INTRODUCTION:

The drug Soma is considered as a divine medicinal plant with multidisciplinary properties. As the name indicates it is a divine and sacred plant with miraculous properties. Information about Somalata is found in all the Vedic literature such as Rig-veda, Yajur-veda, Sam-veda, Atharva-veda also in Brahmanas and Samhitas. The botanical identity of the drug Soma is still being controversy since different plants are being used under the name Soma in different regions of India.

The major plants used as Somalata are Cynanchum viminale (Sarcostemma acidum Roxb.), Sarcostemma brevistigma W & A; Sarcostemma viminale (L.) R.Br; Asclepias acida (Roxb.), Ceropegia juncea (Roxb.), Ruta graveolens and Ephedra sp.
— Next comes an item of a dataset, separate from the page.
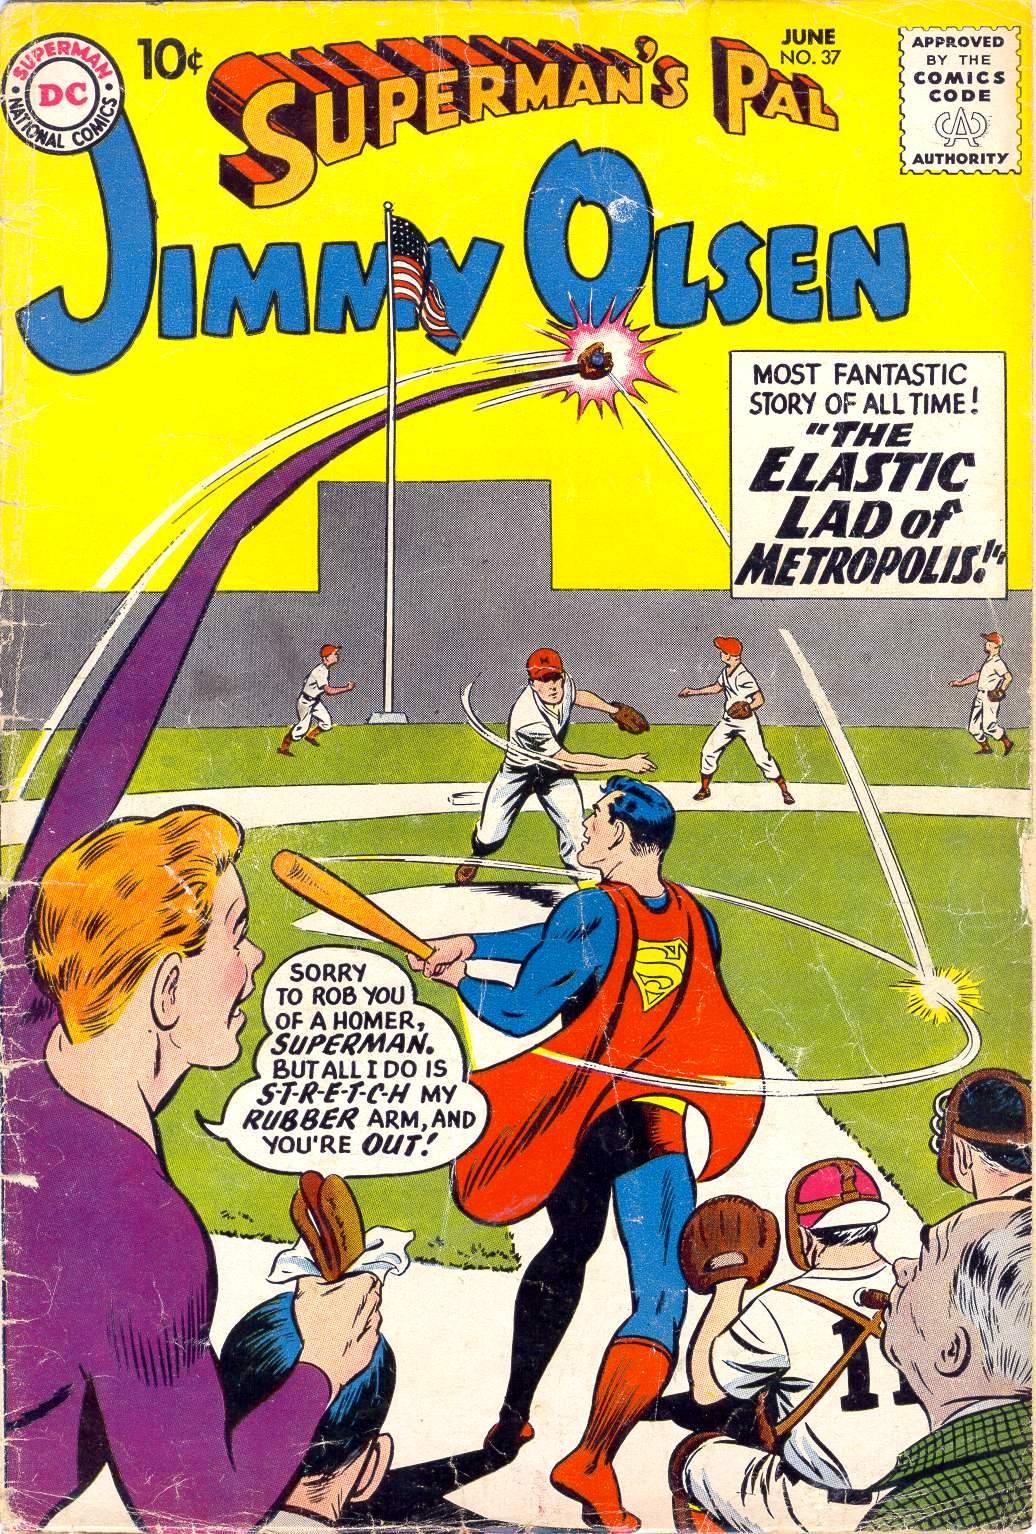 Supermans Pal Jimmy Olsen (1954) 37 Page 1
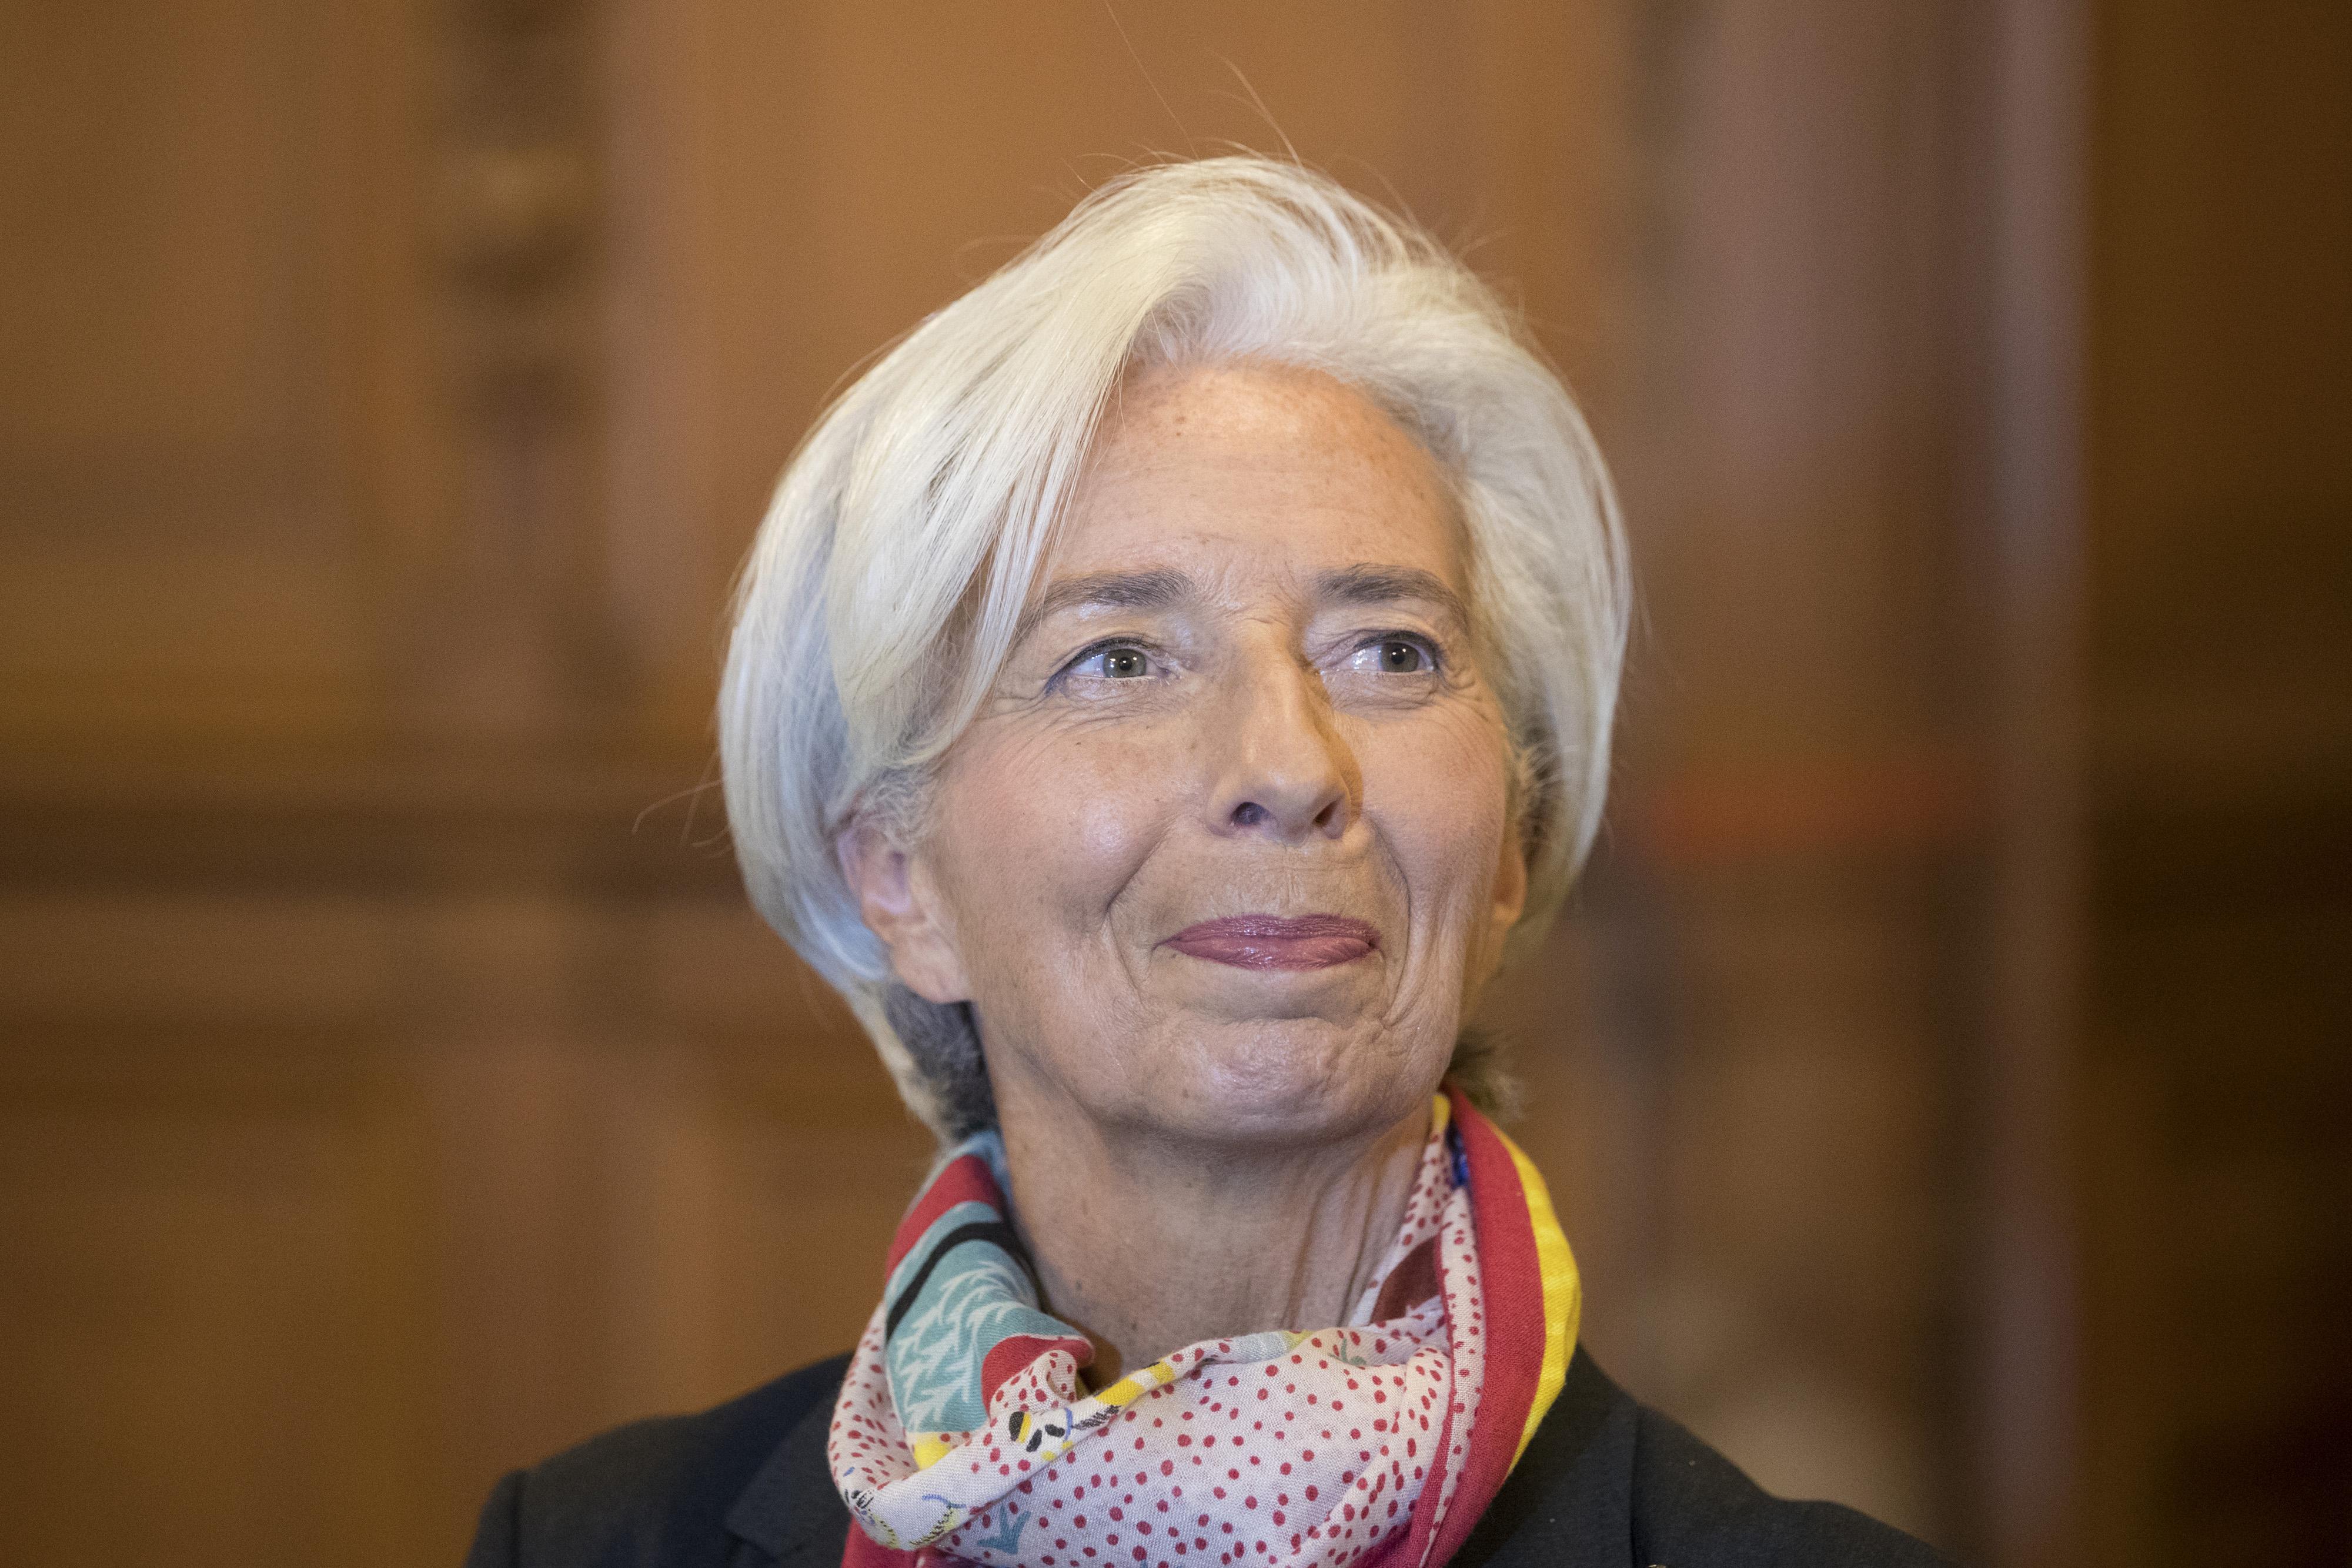 International Monetary Fund (IMF) Managing Director Christine Lagarde On Trial For Alleged Negligence

As per a previous report Cynanchum viminale and Ceropegia juncea were grouped as substitutes as they yield alcohol on fermentation and their similarities in nature^1,2.

Both C. viminale and C. juncea belong to the family Apocynaceae. Whole plant of C. viminale is being used in traditional systems of medicines and is found in countries like Burma, China, Nepal, Thailand, Vietnam and India. The plant is considered emetic, alternative, narcotic and rejuvenating and used in hydrophobia and psychopathy. It is reported to possess anti- rheumatic, anti-allergic, antiemetic and bronchodilatory activities.¹ Ethyl acetate extract of C. viminale showed remarkable anti-inflammatory activity and good anti-psychotic efficiency. Ethyl acetate extract is effective on Central Nervous System inhibitory property also. Various lignans³, phenolics compounds⁴and flavonoids^5,6 were reported from this plant earlier.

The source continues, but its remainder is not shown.